Once the types for input and output tuples are defined, we can proceed adding the join operator to the query. In the example, we want to produce an output tuple carrying each pair of input tuples for which a < b:

q.addJoinOperator("join",
    new JoinFunction<InputTuple1, InputTuple2, OutputTuple>() {
      @Override
      public OutputTuple apply(InputTuple1 t1, InputTuple2 t2) {
        if (t1.a < t2.b) {
          return new OutputTuple(t1.getTimestamp(), t1, t2);
        }
        return null;
      }
    }, 10000);

Please notice:

Since the join operates on sliding windows, we specify the window size (10 seconds in the example, because the unit of time for the tuples is millisecond).
Also the Join enforces deterministic processing. Because of this, it assumes tuples are fed in timestamp order from each input stream.

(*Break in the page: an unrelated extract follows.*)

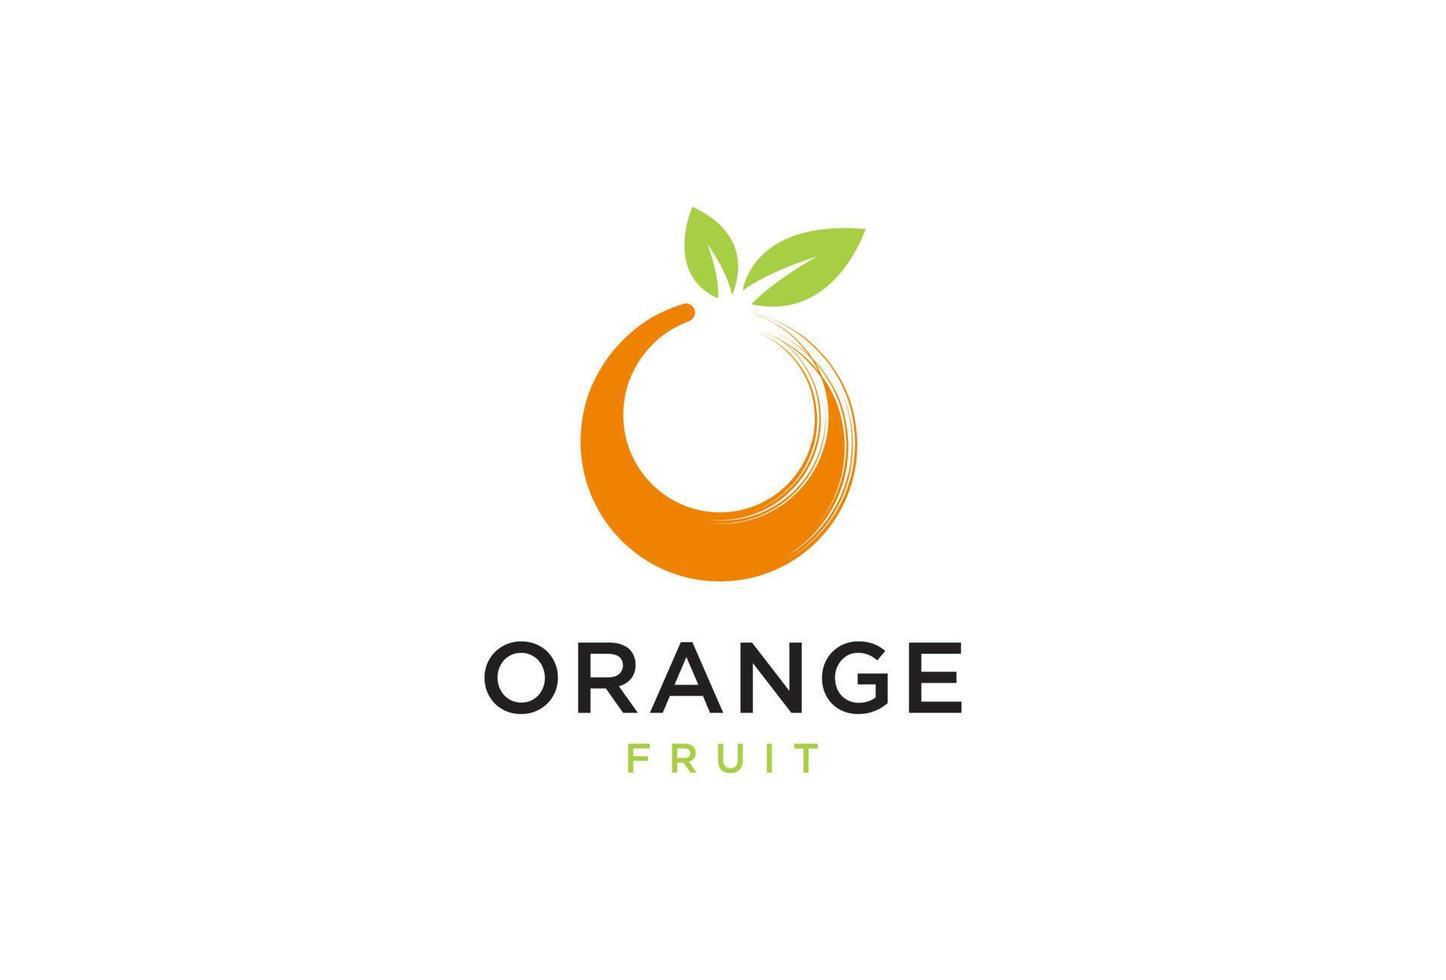 Fresh Orange Fruit, Slice of Lemon Lime Grapefruit Citrus with swirl letter initial O logo design inspiration vector

Sink - TextSink (complete example here)

If you are writing tuples to a text file, then the TextSink allows you to minimize the information you need to provide to the query in order to instantiate such a sink. In the following example, we write tuples composed by attributes <timestamp,key,value> to a file (we use again the MyTuple defined for the TextSink).

q.addTextFileSink("o1", outputFile, true);

Please notice: as for the example in the basics, you need to specify an id for the operator you are adding (in this case o1).